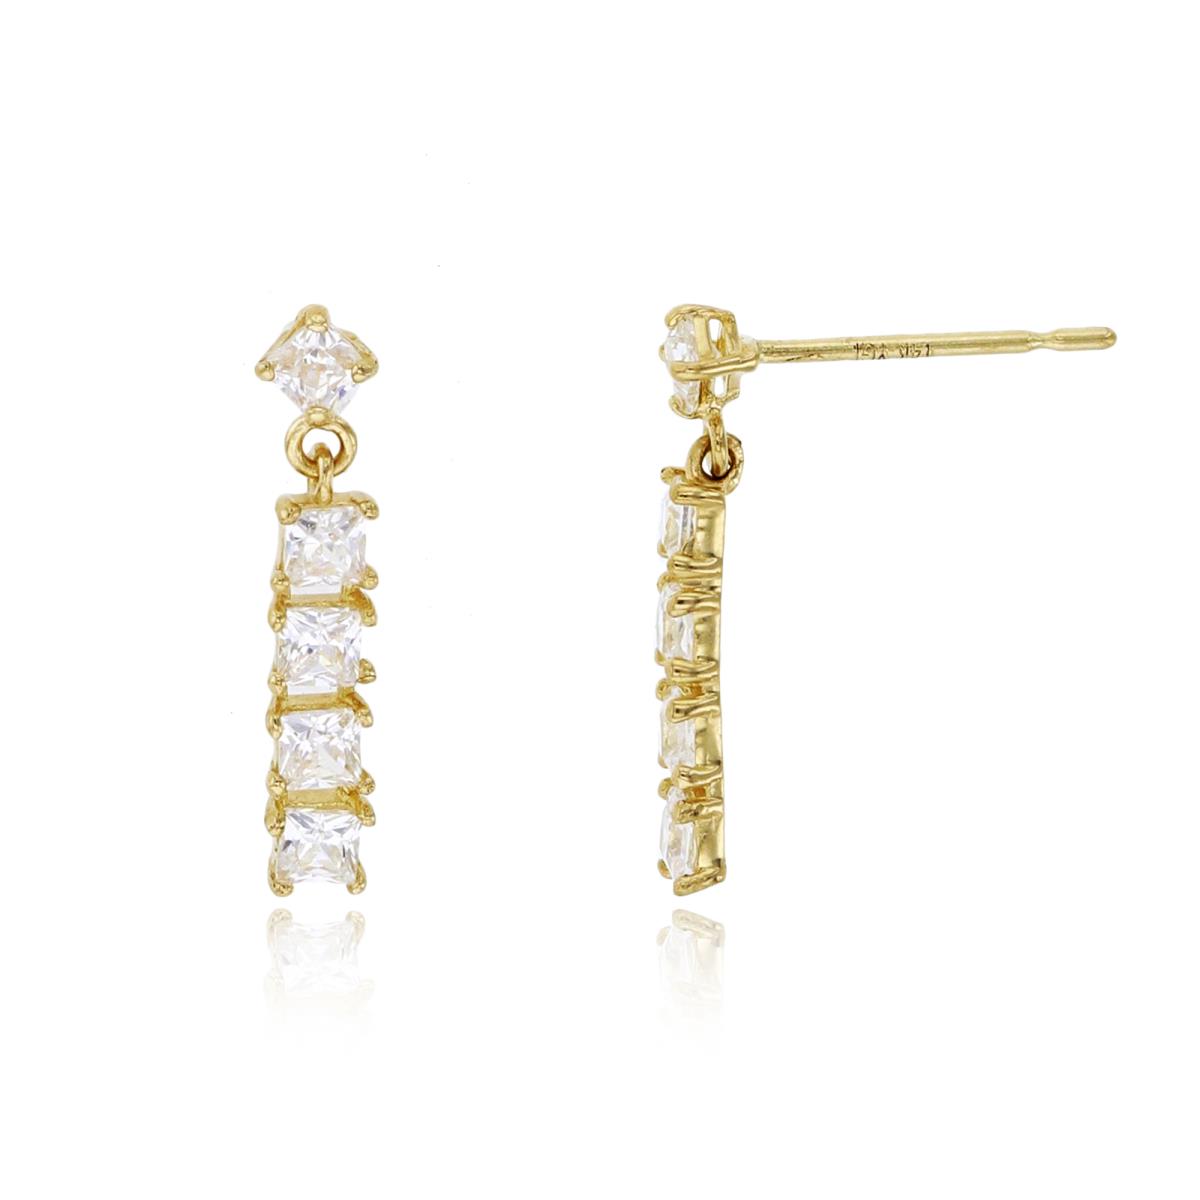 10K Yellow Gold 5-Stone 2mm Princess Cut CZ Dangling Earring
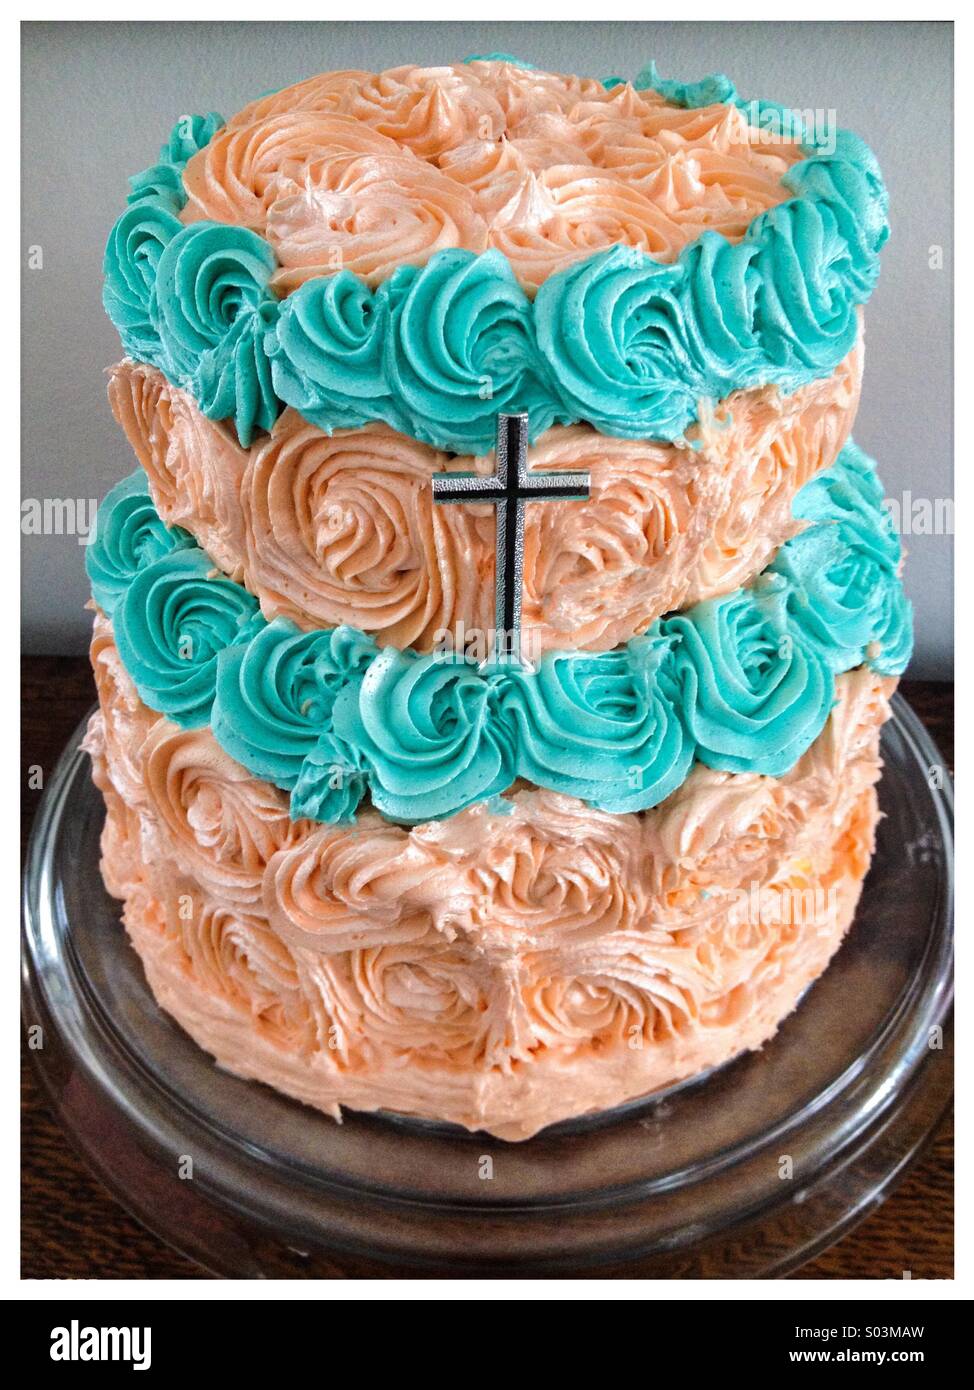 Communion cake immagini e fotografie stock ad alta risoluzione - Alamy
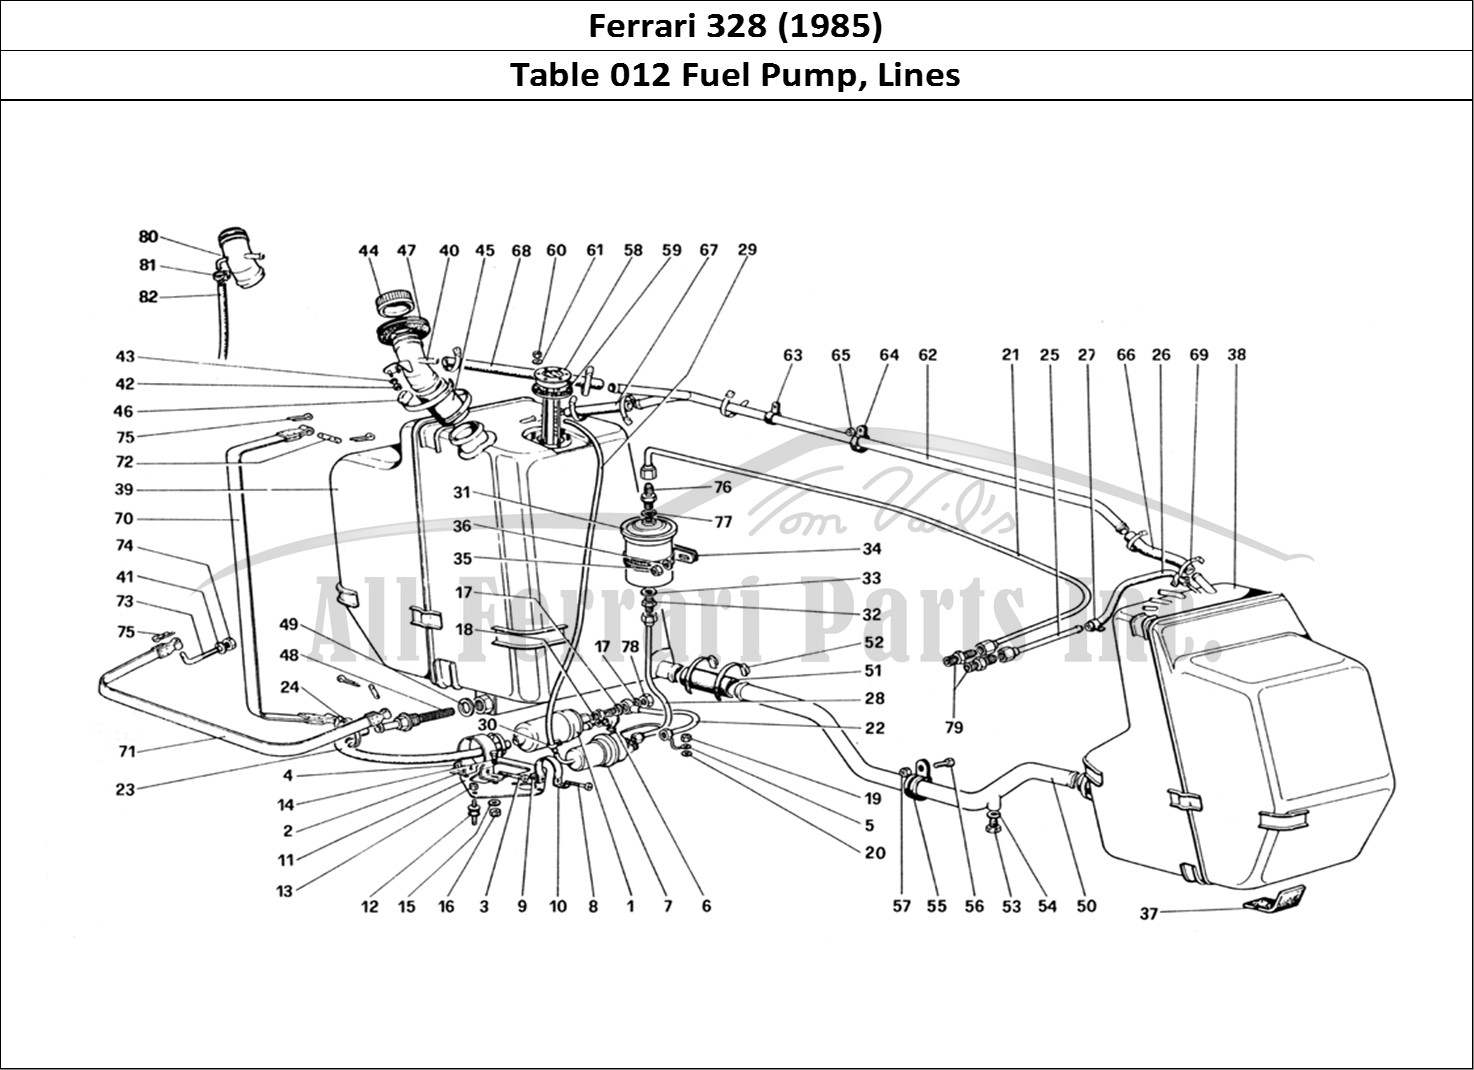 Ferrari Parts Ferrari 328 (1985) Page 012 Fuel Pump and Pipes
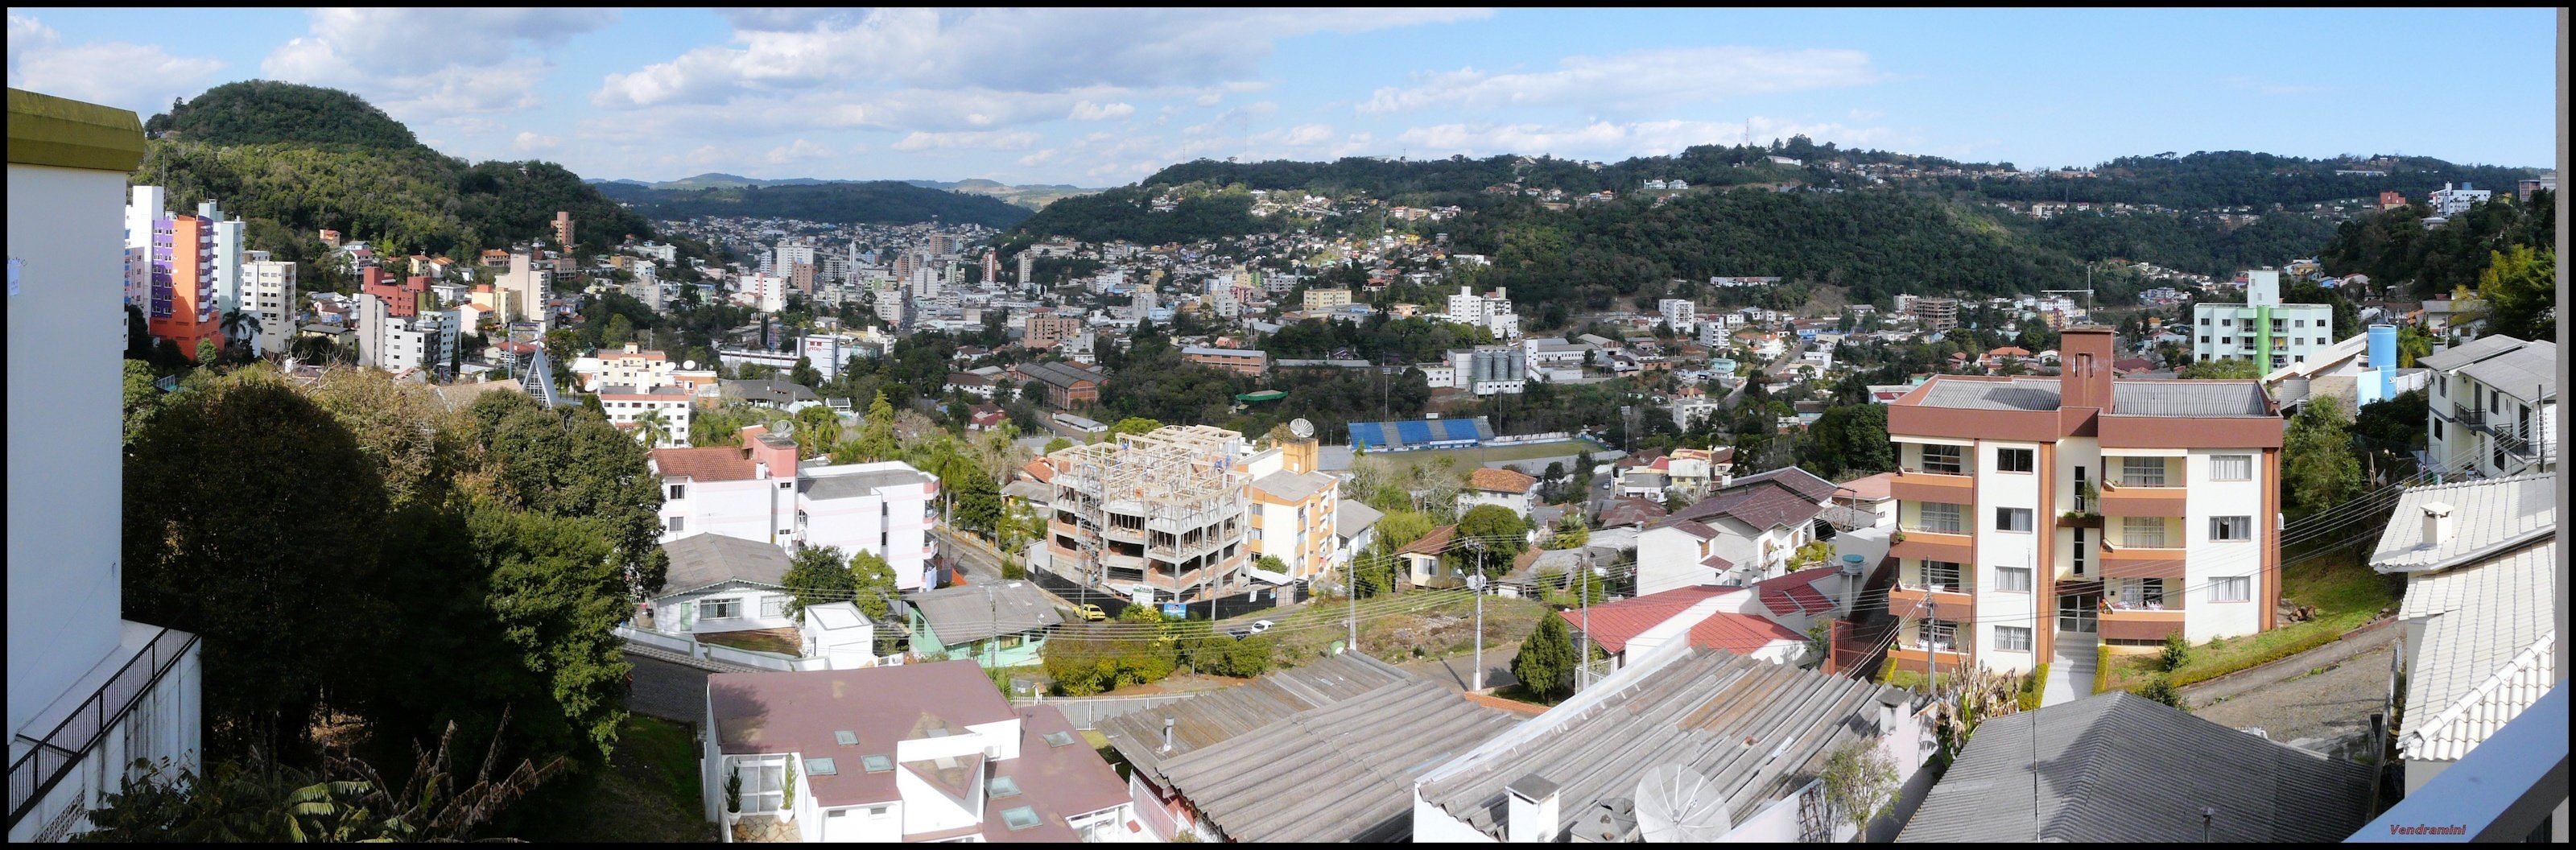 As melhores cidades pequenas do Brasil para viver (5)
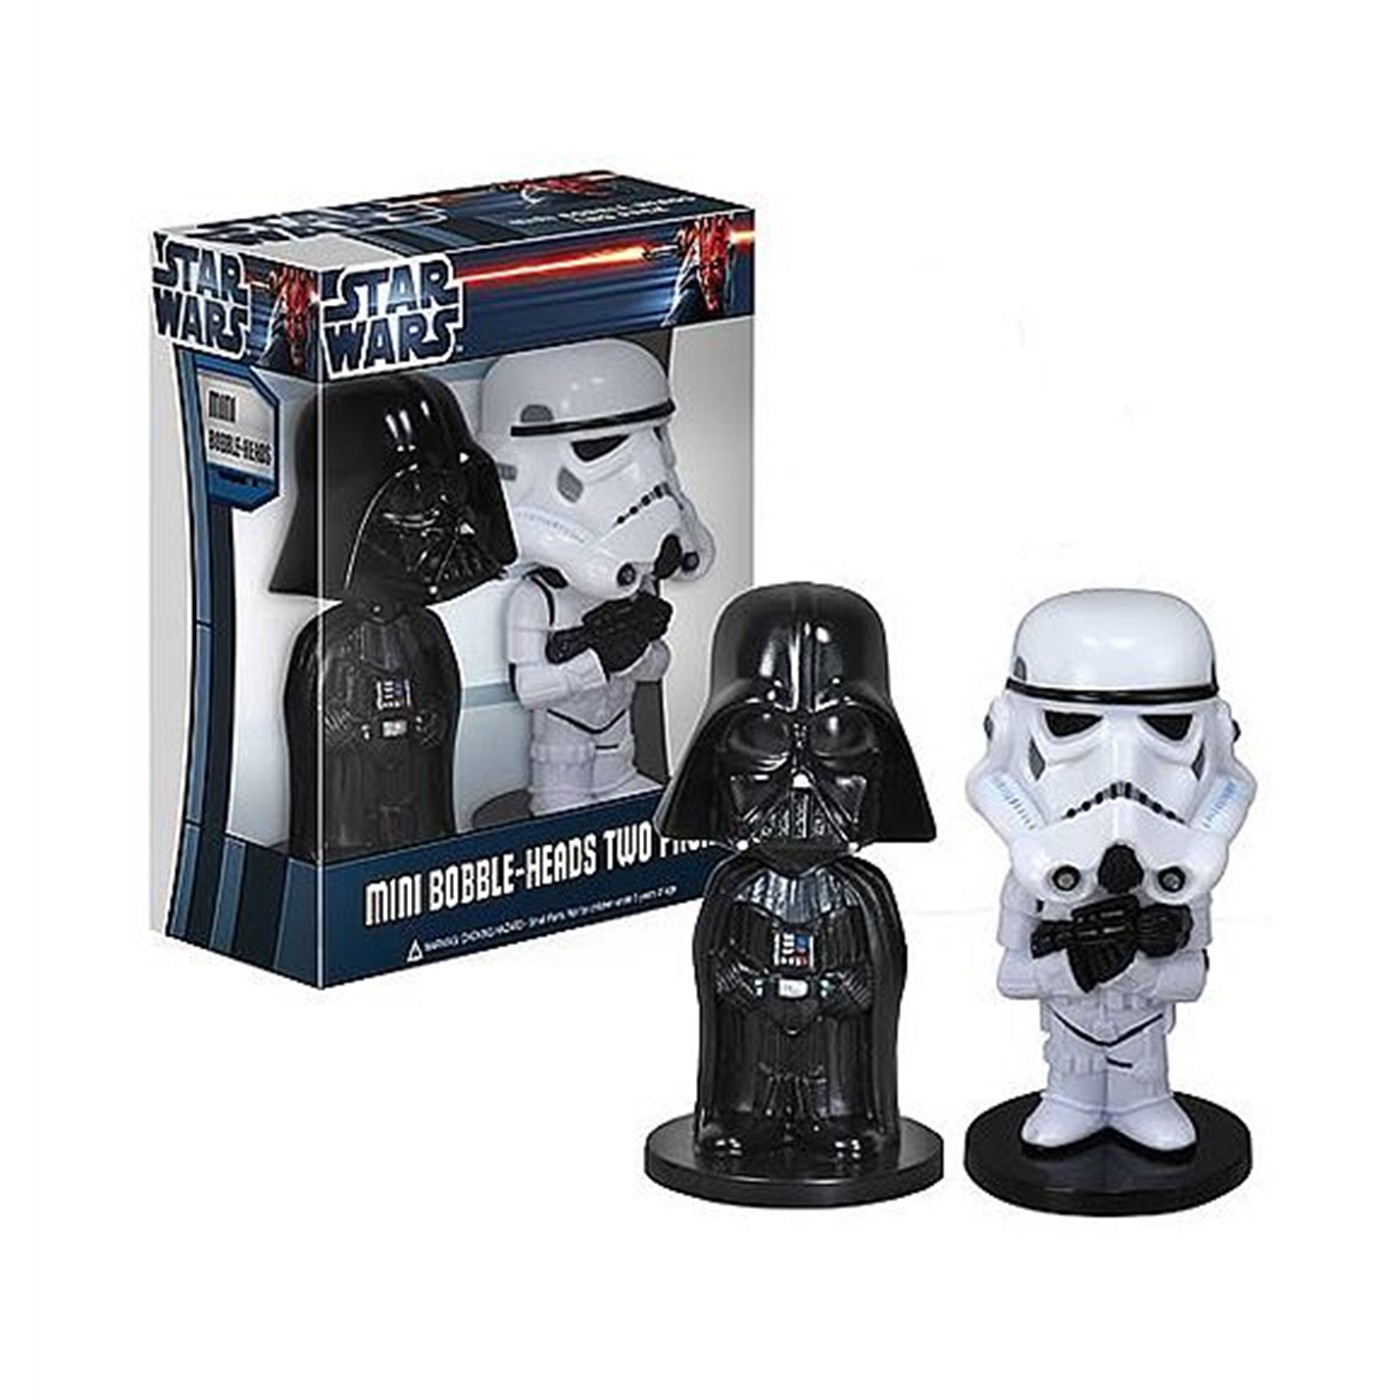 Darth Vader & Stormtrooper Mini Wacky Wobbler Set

_WORK TO BE COMPLETED:_ Leave every picture out and output the records exactly.

_OUTPUT:_
 10K Yellow Gold 5-Stone 2mm Princess Cut CZ Dangling Earring
 Communion cake immagini e fotografie stock ad alta risoluzione - Alamy
 Ferrari Parts Ferrari 328 (1985) Page 012 Fuel Pump and Pipes
 As melhores cidades pequenas do Brasil para viver (5)
 Darth Vader & Stormtrooper Mini Wacky Wobbler Set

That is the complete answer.